Other Supported Data Sources​
Beyond GraphQL and REST, Prism Architecture supports various data sources:
- Local Storage: For on-device persistence using technologies like SQLite, Core Data, or Realm
- File Storage: For document-based or file system storage needs
- WebSocket APIs: For real-time communications and streaming data
- Third-party SDKs: For integration with vendor-specific APIs and services
- Legacy SOAP or XML-RPC Services: For integration with older enterprise systems
Hybrid Data Access Approaches​
Many applications benefit from using multiple data access approaches in concert:
- REST for Simple CRUD: Using REST for simple entity operations
- GraphQL for Complex Queries: Using GraphQL for data-intensive screens with complex relationships
- Local Storage for Offline Support: Using on-device storage to enable offline functionality
- WebSockets for Real-time Updates: Using WebSockets to complement REST/GraphQL with real-time data
Repository Pattern​
What is the Repository Pattern?​
The Repository Pattern is an abstraction that mediates between the domain model and data mapping layers. It provides a collection-like interface for accessing domain objects while hiding the complexities of database queries, API calls, or other data access mechanisms.

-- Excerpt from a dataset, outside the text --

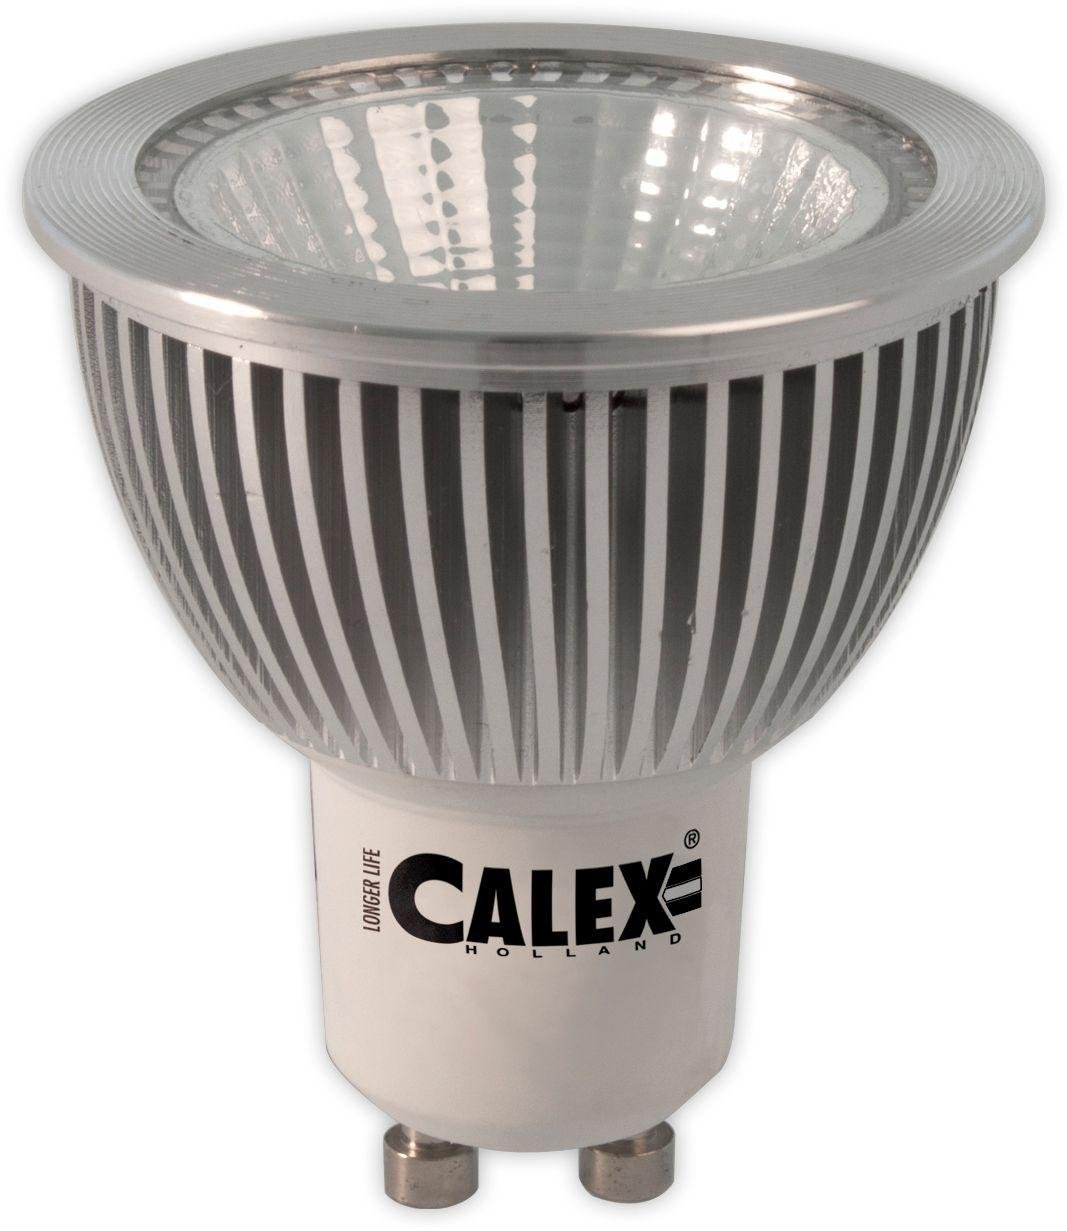 Calex LED Cob GU10 7W Warm White 450 Lumen Dimmable Bulb ...

Purpose and Characteristics​
Repositories in Prism Architecture serve several critical purposes:
- Abstraction of Data Access: They hide the details of how data is stored and retrieved
- Domain-Centric Interface: They operate in terms of domain entities and concepts
- Separation of Concerns: They isolate data access logic from business logic
- Testability: They can be easily mocked or substituted for testing
Key Characteristics of Repositories​
- Aggregate-Based Organization: Typically organized around Aggregate Roots
- CRUD Operations: Focused on Create, Read, Update, Delete operations for entities
- Domain Integrity: Maintain the integrity and consistency of the domain model
- Interface in Core Layer: Defined as protocols/interfaces in the Core Layer
- Implementation in Infrastructure: Concrete implementations reside in the Infrastructure Layer
When to Use Repositories​
Repositories are the primary choice for:
- Standard entity CRUD operations
- Operations that must maintain aggregate boundaries
- When domain integrity is the primary concern
- For transactional operations that modify entity state
QueryService Pattern​
What is the QueryService Pattern?​
The QueryService Pattern is a specialized data access pattern in Prism Architecture optimized for complex data retrieval scenarios, particularly with GraphQL. Unlike repositories that focus on aggregate boundaries, QueryServices are designed for efficient data retrieval that may span multiple aggregates.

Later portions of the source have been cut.